Health care is ailing elsewhere, too Tough choices are ahead as Hungarians age and economic woes deepen.

April 22, 2008|By Akos Beothy

Health care is one of the elusive challenges facing the U.S. economy. It is a major topic of the presidential race and something people identify as one of their biggest concerns.

It is not, however, purely an American problem.

Just a few weeks before I arrived in Philadelphia from Budapest, the people of my country defeated radical efforts by the government to change the way our health-care system is funded. In a massive popular revolt, voters forced the government of Ferenc Gyurcsany to repeal fees the Socialist-led coalition had imposed on what had been a purely state-funded system.

Story continues below.

Since the referendum, the government has approached the verge of collapse. The health minister who had championed the controversial measures has been fired, and the ruling coalition has dissolved because of her dismissal.

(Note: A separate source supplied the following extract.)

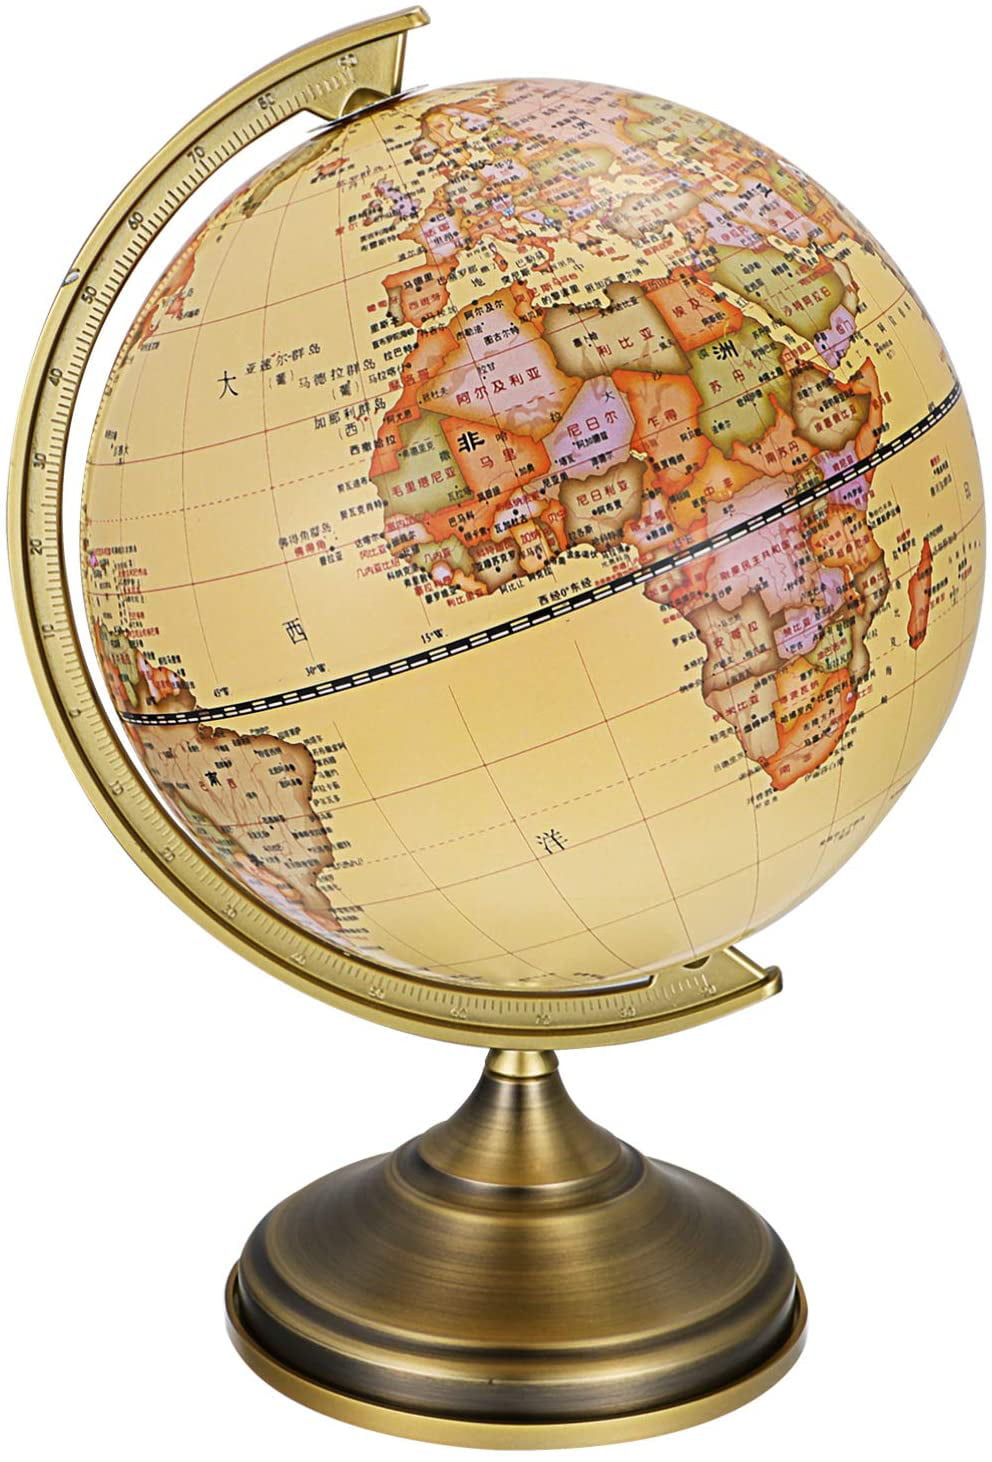 Vintage World Globe Antique Decorative Desktop Globe Rotating Earth Geography

Why all the fuss? The reasons may sound familiar to U.S. voters.

Health-care costs in Hungary, as in the United States, are growing too fast. But Hungary, unlike the United States, has a tax-based health-care system in which only the employed are required to pay taxes, thereby bearing a disproportionately heavy burden of financing health care for everyone among Hungary's 10 million people.

For years this worked. But the Hungarian population has grown old and the national economy has become bogged down in deficit spending and debt.

Taxes already are chokingly high: For a two-earner family with two children, income taxes - along with contributions employers and employees make to the government for pensions, unemployment and health insurance - account for 43 percent to 45 percent of labor costs in Hungary. In the United States, this accounts for 22 percent to 25 percent of labor costs, according to the Organization for Economic Cooperation and Development.

During the campaign that led to Gyurcsany's reelection two years ago, he promised voters he would not impose fees (similar to co-pays), despite claims by the opposition he had a secret plan to do so.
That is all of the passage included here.